Pressure grows on Tanzania to free victim of domestic violence who has been on death row for 13 years
Briefly

Lemi Limbu is in her early 30s, has severe intellectual disabilities with the developmental age of a child, and is a survivor of repeated sexual and domestic violence. She was convicted of murdering her daughter in 2015. Her conviction was nullified in 2019 but she remained incarcerated awaiting retrial. In 2022 she was retried and again sentenced to death without consideration of her disabilities or history of abuse. Lawyers report deteriorating physical and mental health, including difficulty walking and a swollen stomach. An appeal filed in 2022 has no hearing date. Tanzania mandates the death penalty for murder.

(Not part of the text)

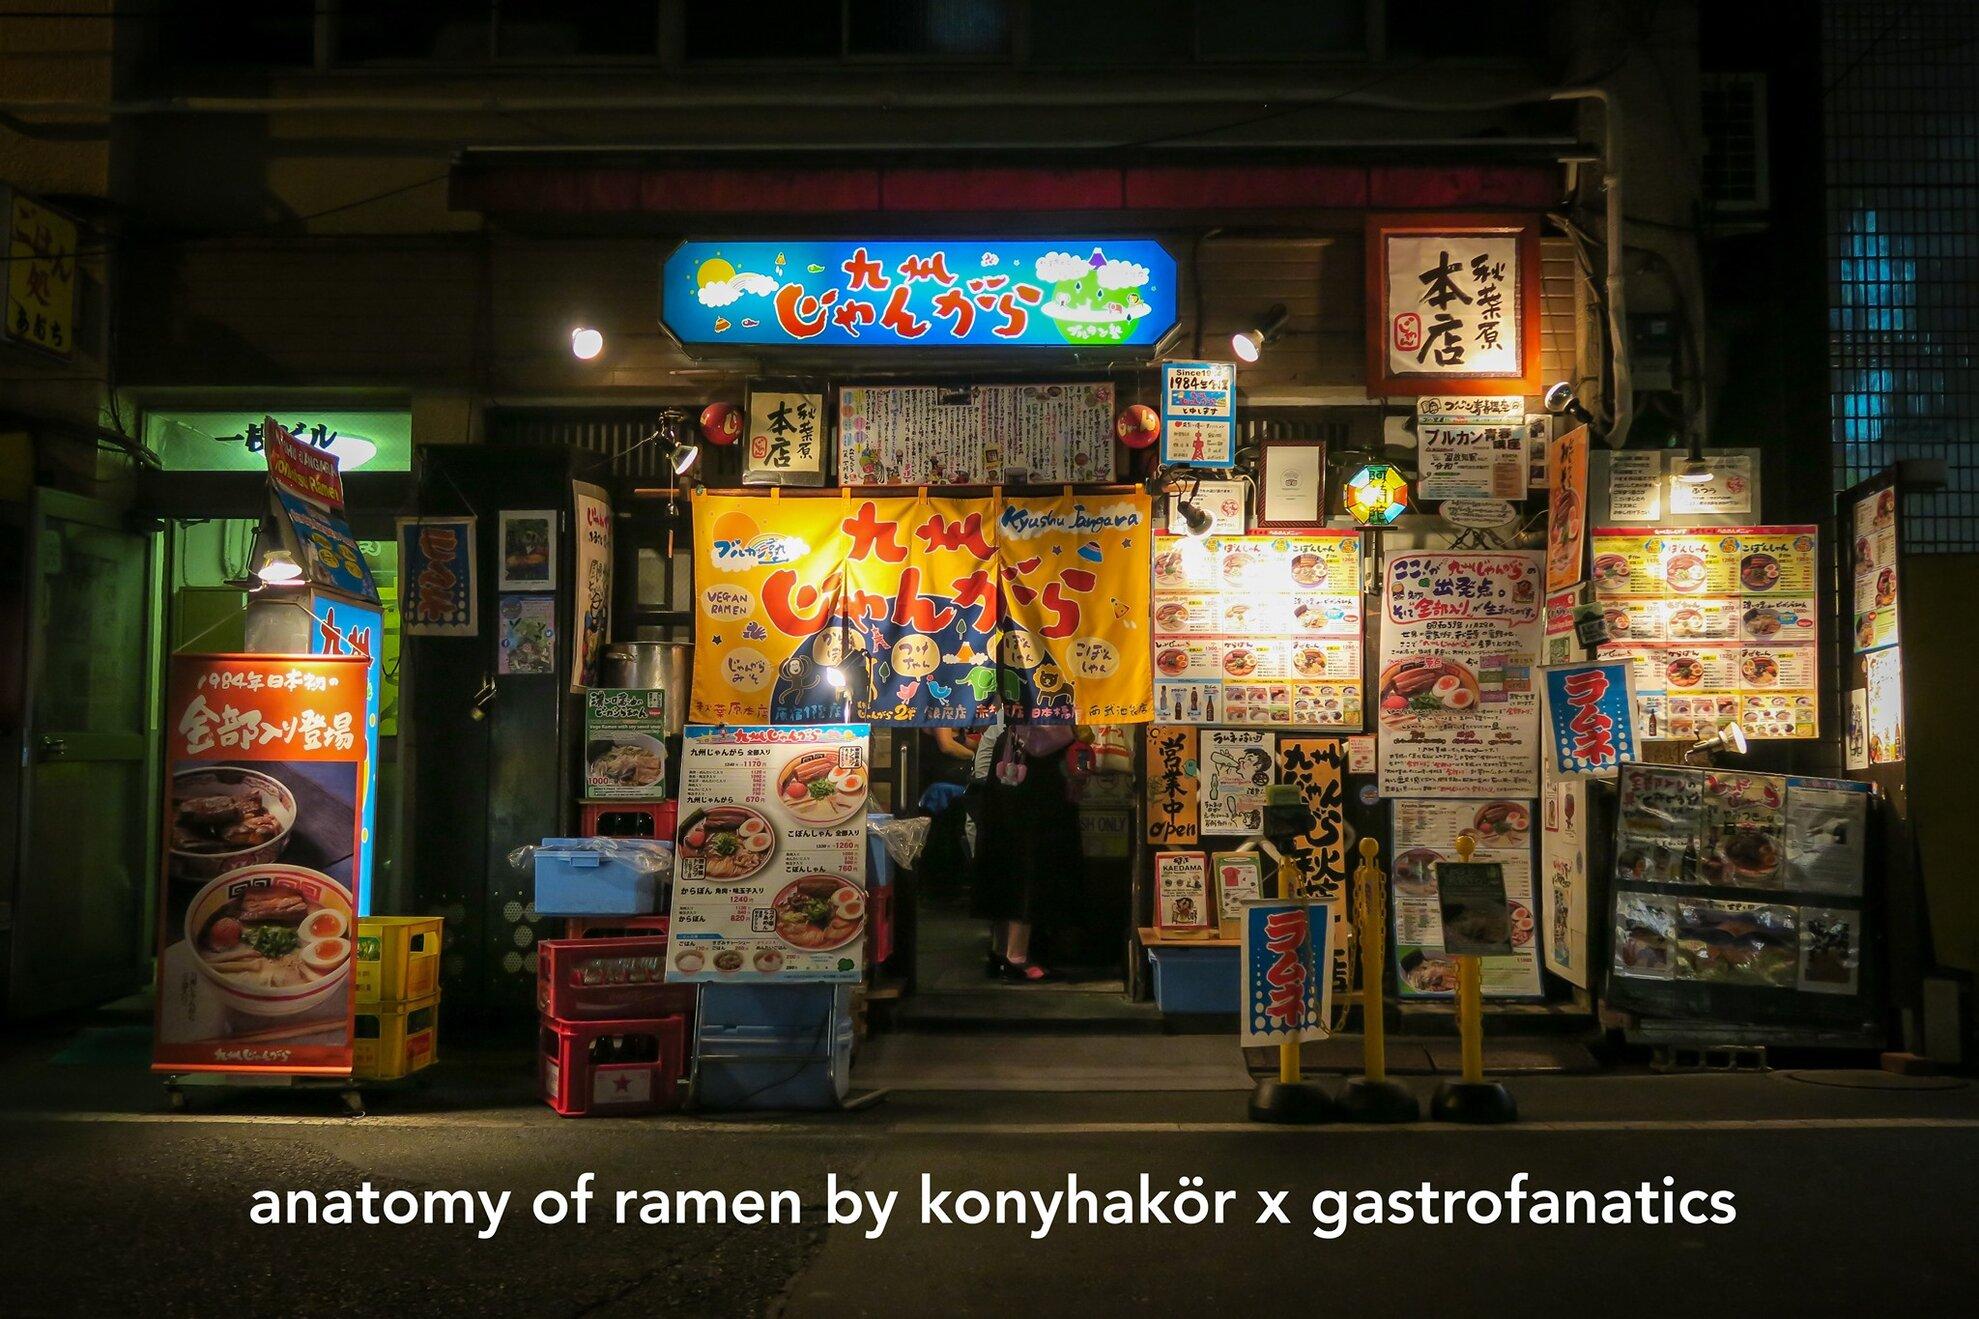 Anatomy of Ramen - Pop-up kitchen by Konyhakör x Gastrofanatics

This is a woman who absolutely should not be in prison, said Prof Sandra Babcock, a clinical professor of law and the faculty director of the Cornell Center on the Death Penalty Worldwide, who is acting as a legal consultant in Limbu's case. This is a woman who is not violent, who represents no threat. You could release her tomorrow, and, as long as she had some kind of support for her disability, she would be able to live a reasonably productive life in society.
A survivor of brutal and repeated sexual and domestic violence, she has the developmental age of a child. Limbu's legal team is now worried about her deteriorating health. On a visit to the prison in June, one of her lawyers found that Limbu required assistance to walk, her stomach was swollen and her mental health had worsened.
She looked sick, weak and sad, the lawyer said. In Tanzania, the death penalty is the mandatory sentence for murder. Limbu's original conviction in 2015 was nullified in 2019 due to procedural errors. But she remained incarcerated awaiting a new trial. In 2022, she was retried and sentenced to death a second time. The court did not consider her intellectual disabilities or history of abuse.